Financing – How to Get Financing for Real Estate Investments
One of the ways you can get financing when trying to finance your real estate investment is by working with mortgage brokers.
Mortgage brokers are people that are going to find you a mortgage through multiple sources or through one of many sources.
The difference between a mortgage broker and somebody who works for a bank is a mortgage broker has access to many different lenders and those lenders could bank as well.
What happens is you go in, you fill out an application and you do all the necessary paperwork for a mortgage broker. They sit down and they look at your finances and look at your current situation. They look at your credit score. They look at your capability, they look at the property. They look at all the same things as a bank mortgage initiator does or whatever they may be called at the bank.
What they do is then they go and they look at their list of mortgage providers, meaning the list of lenders. From that, they determine who is going to be the best fit for you. Now that doesn’t necessarily mean that those lenders are going to approve you, but then what they do they will submit it to the one who makes the most sense.
By the most sense, I mean is the one that looks like they are aligned the best with what you’re looking for.
Some people specialize, or some lenders will allow for investment properties, and some won’t. Some will allow for situations that are unique to your credit such as your credit score, some require higher credit scores and some will allow for lower down payments than others.
There are some rules that would stop them from providing you with a higher loan to ratio mortgage than others.
What they do is submit your application to this lender. And if the lender approves you, they come back and then you finish all the necessary paperwork.
The big thing about mortgage brokers is they only pull your credit once.
If you don’t get approved by that lender, they can resubmit it to another lender and another lender, and it doesn’t affect your credit score because they’ve already pulled your credit. That credit is recorded on your application. The other nice thing about working with mortgage brokers is that they have access to what’s called “A” lenders, meaning banks, which are, big banks. “B” lenders, which are smaller.
There are banks that specialize in mortgages. There are companies out there that provide financing that only do mortgages.

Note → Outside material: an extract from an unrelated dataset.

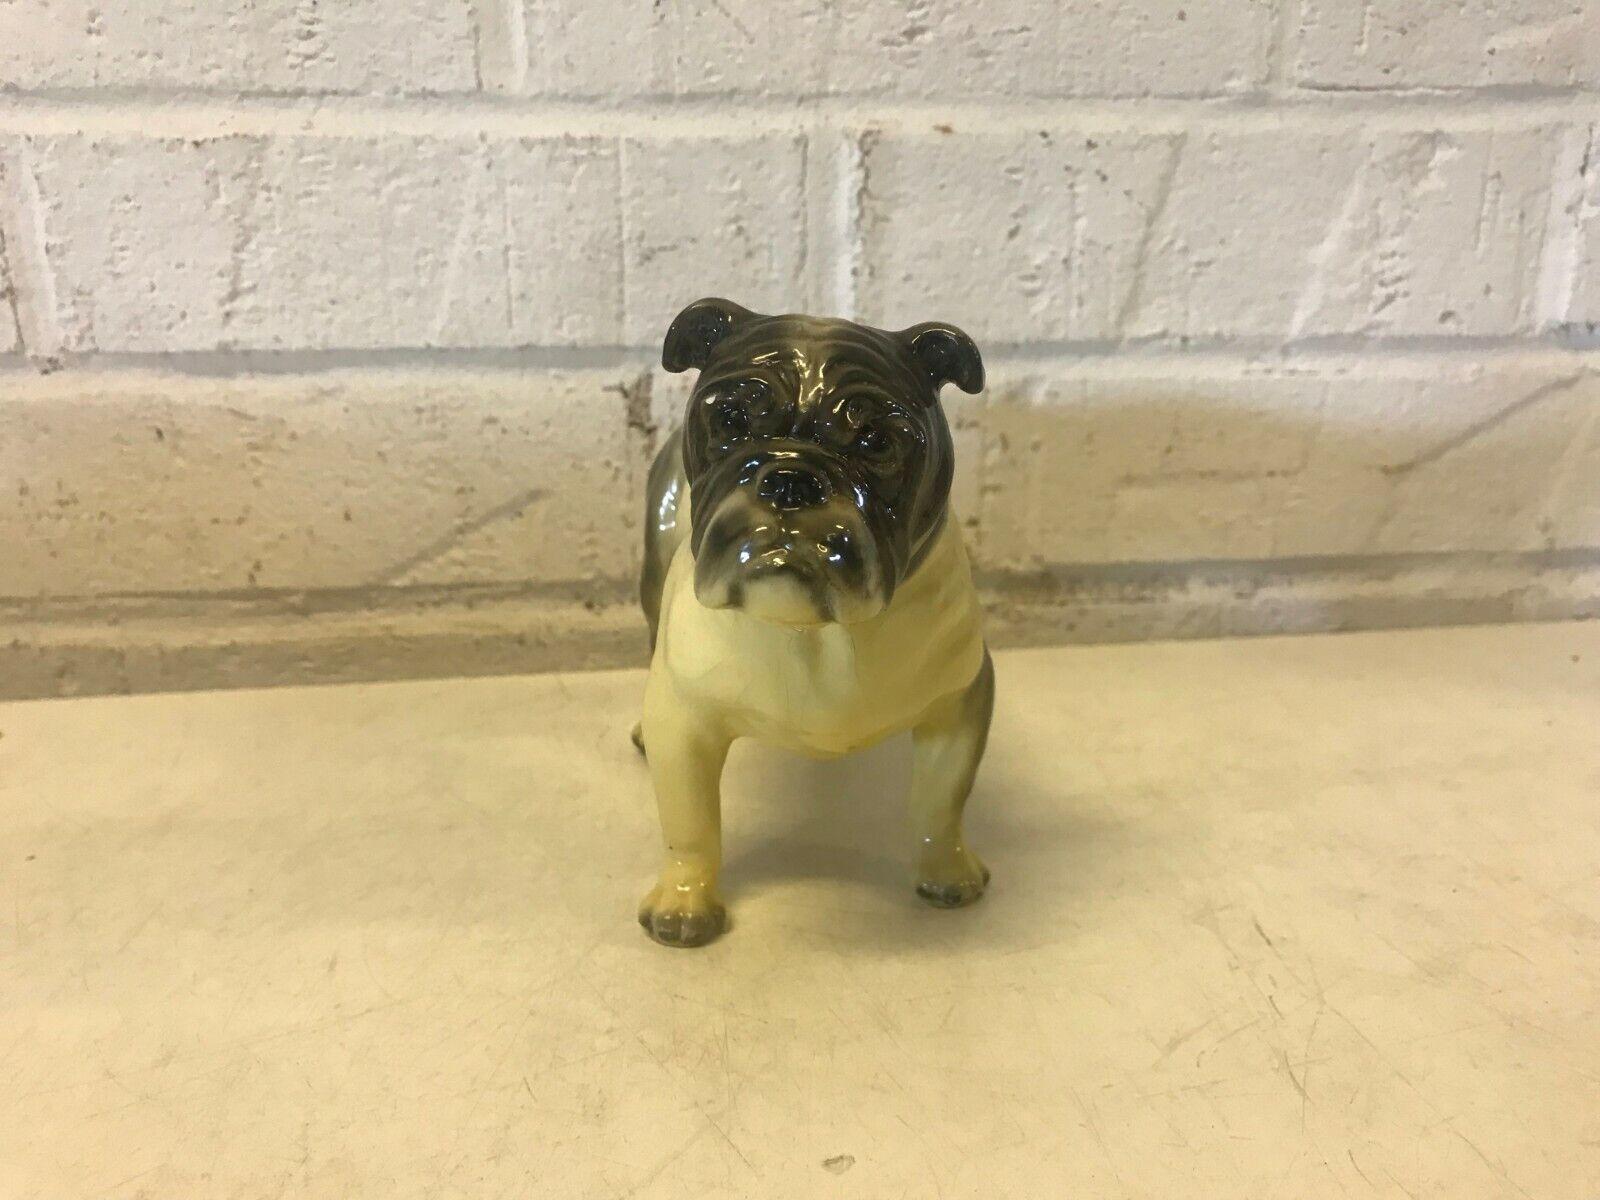 Vtg bulldog anglais figurine debout morten's studio royal design de 2 2

For example, mortgage investment corporations (MICs) are one example. There are a number of institutions that only do a mortgage. They have not deposited banks. meaning you don’t hold a bank account with these banks that you are going to send your application to.
The other thing that the mortgage brokers work with is private lenders. In addition to having access to all these A and B lenders, they also have access to private lenders or just individuals or individual companies that are investing in mortgages.

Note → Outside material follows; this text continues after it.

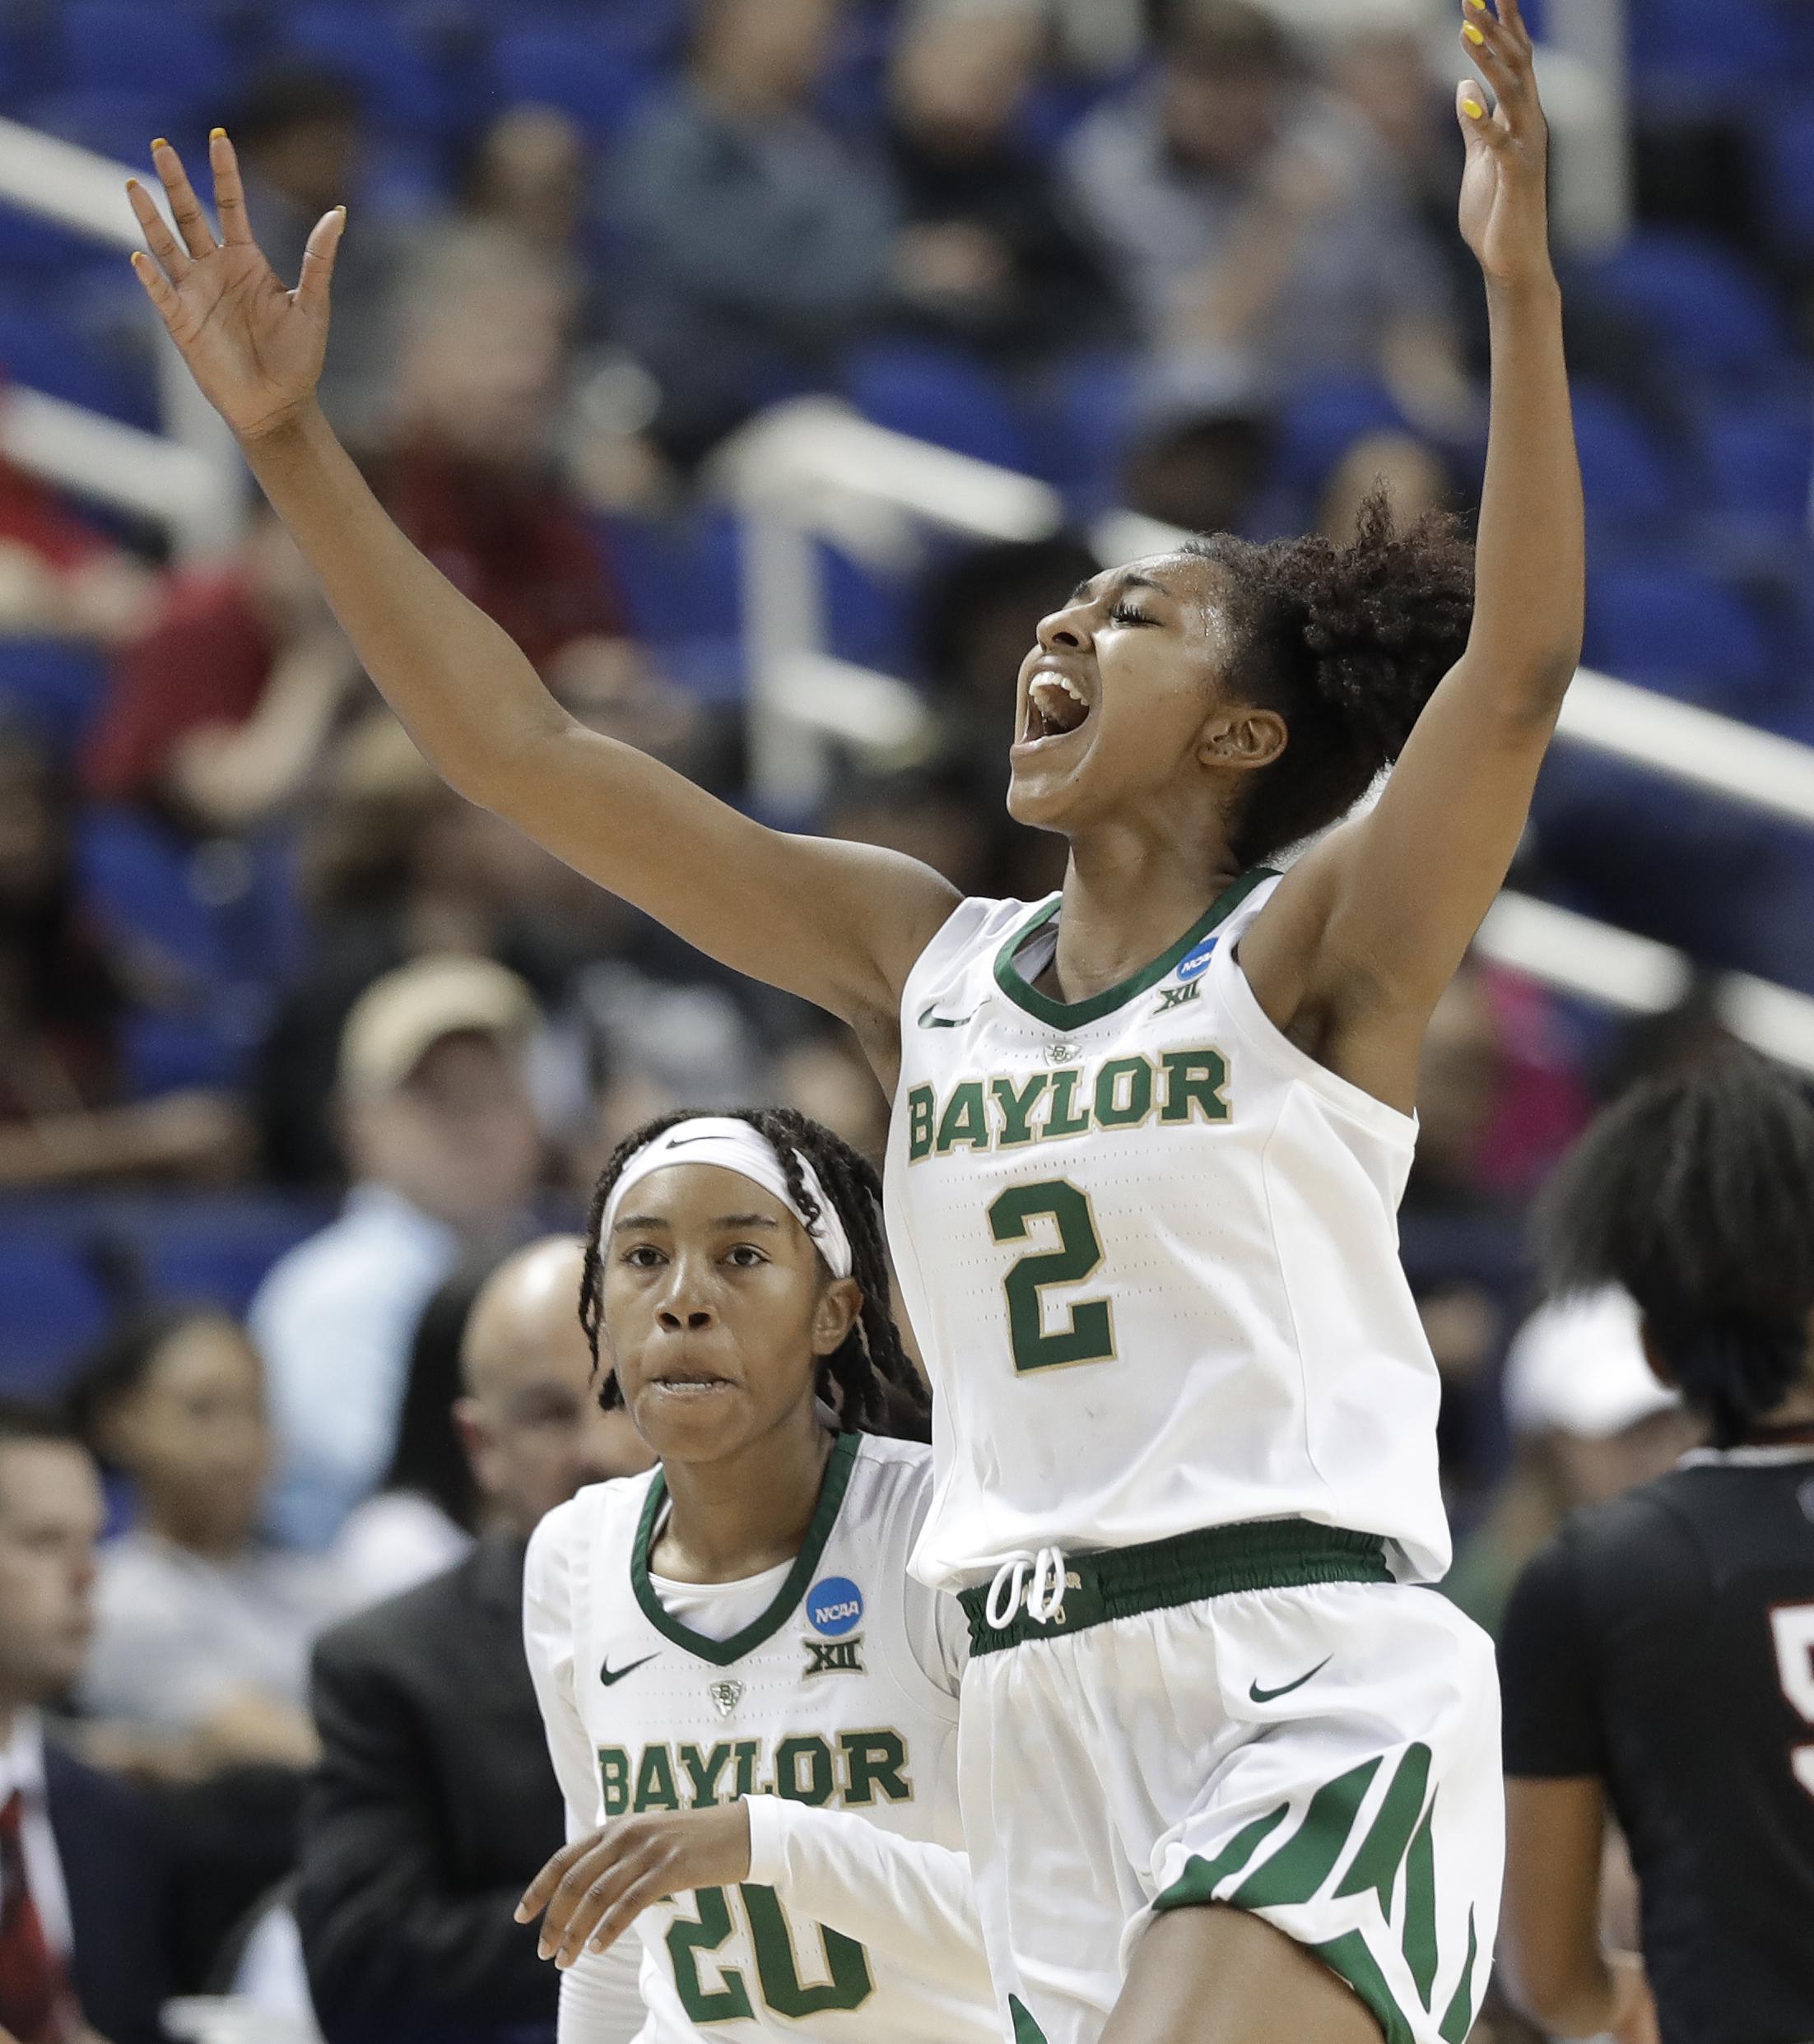 Women's NCAA Tournament: Baylor beats South Carolina 93-68

What they do is they take your application and they’ll send it off to this private lender.
Private lenders are people that understand the risk better.
Private lenders are more open to a higher ratio, mortgages. They are more open to problems with your credit score. As a result, you are going to pay a higher premium or a higher interest rate.

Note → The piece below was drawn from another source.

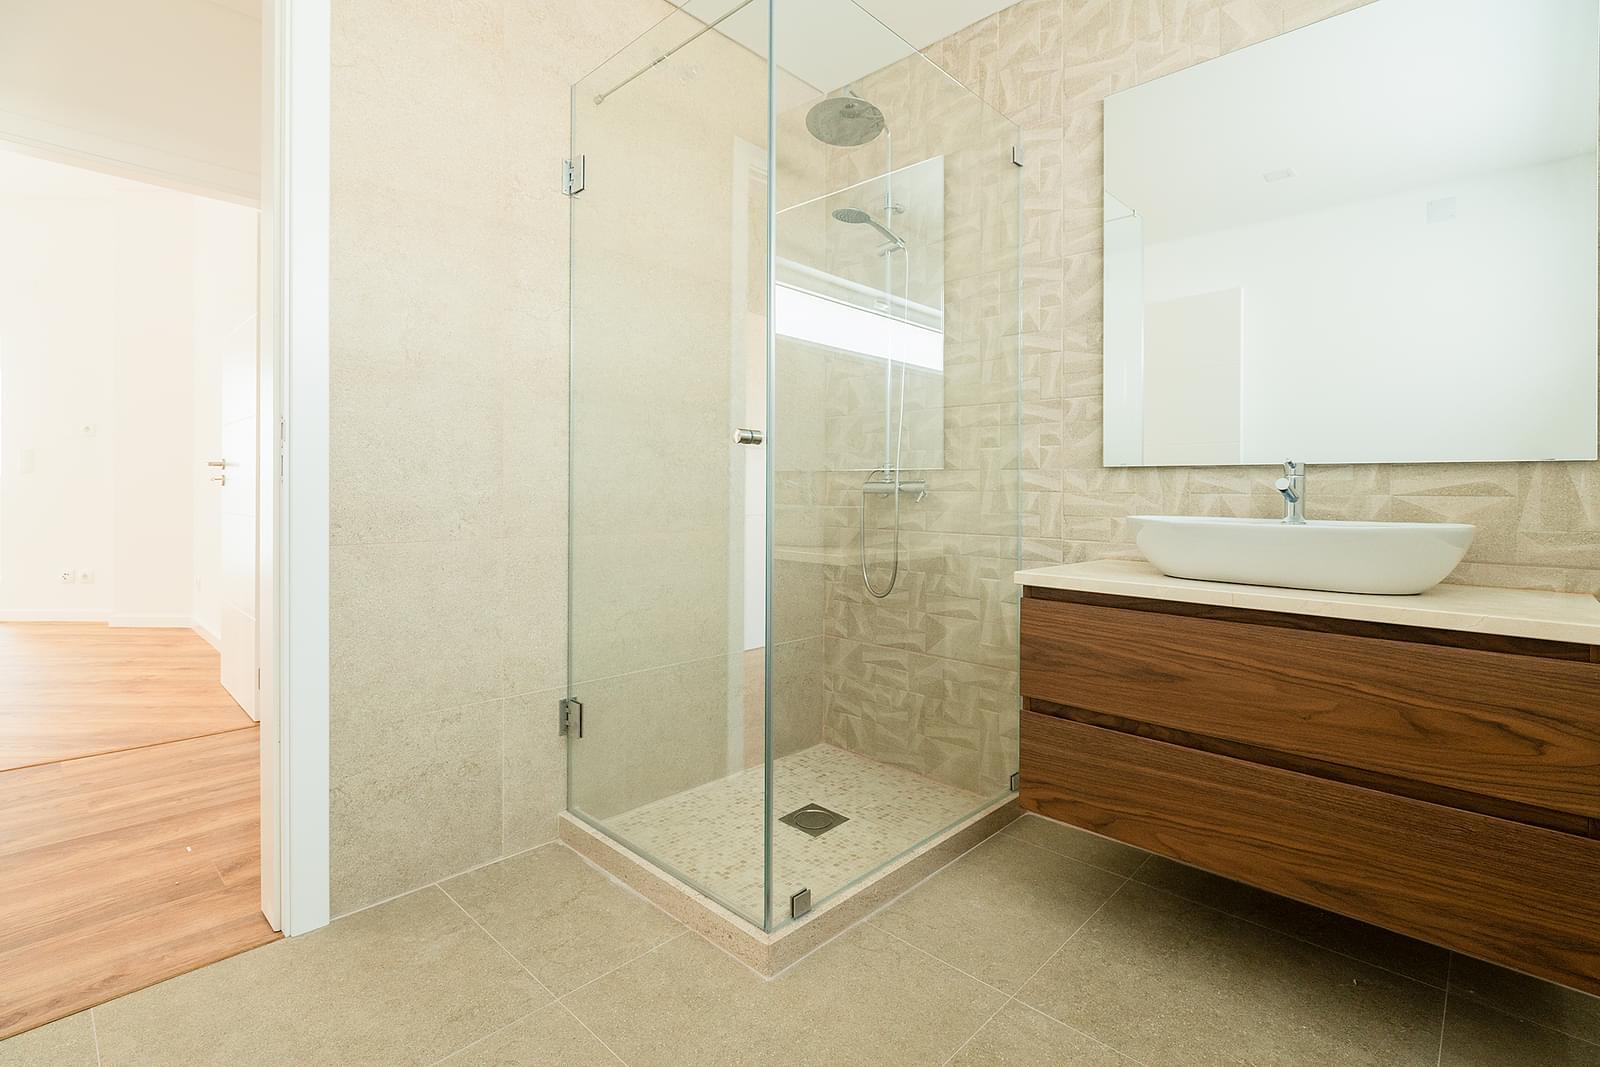 pf18413-apartamento-t1-lisboa-2fb7db7d-36ec-4533-b700-f512a3c2f541

For example, today’s mortgage rates might be 3%, 4%. A private lender might be charging you 7%, 8%, 9%, or even 10% for the same type of mortgage.
You should never go to your bank directly to get a mortgage because if you do, and you don’t like the terms you have to go to another bank and that is going to affect your credit score.
Go to a mortgage broker who also has access to many banks. And I guarantee you they will give you the best mortgage that is the most suited for you, that is the right fit for you.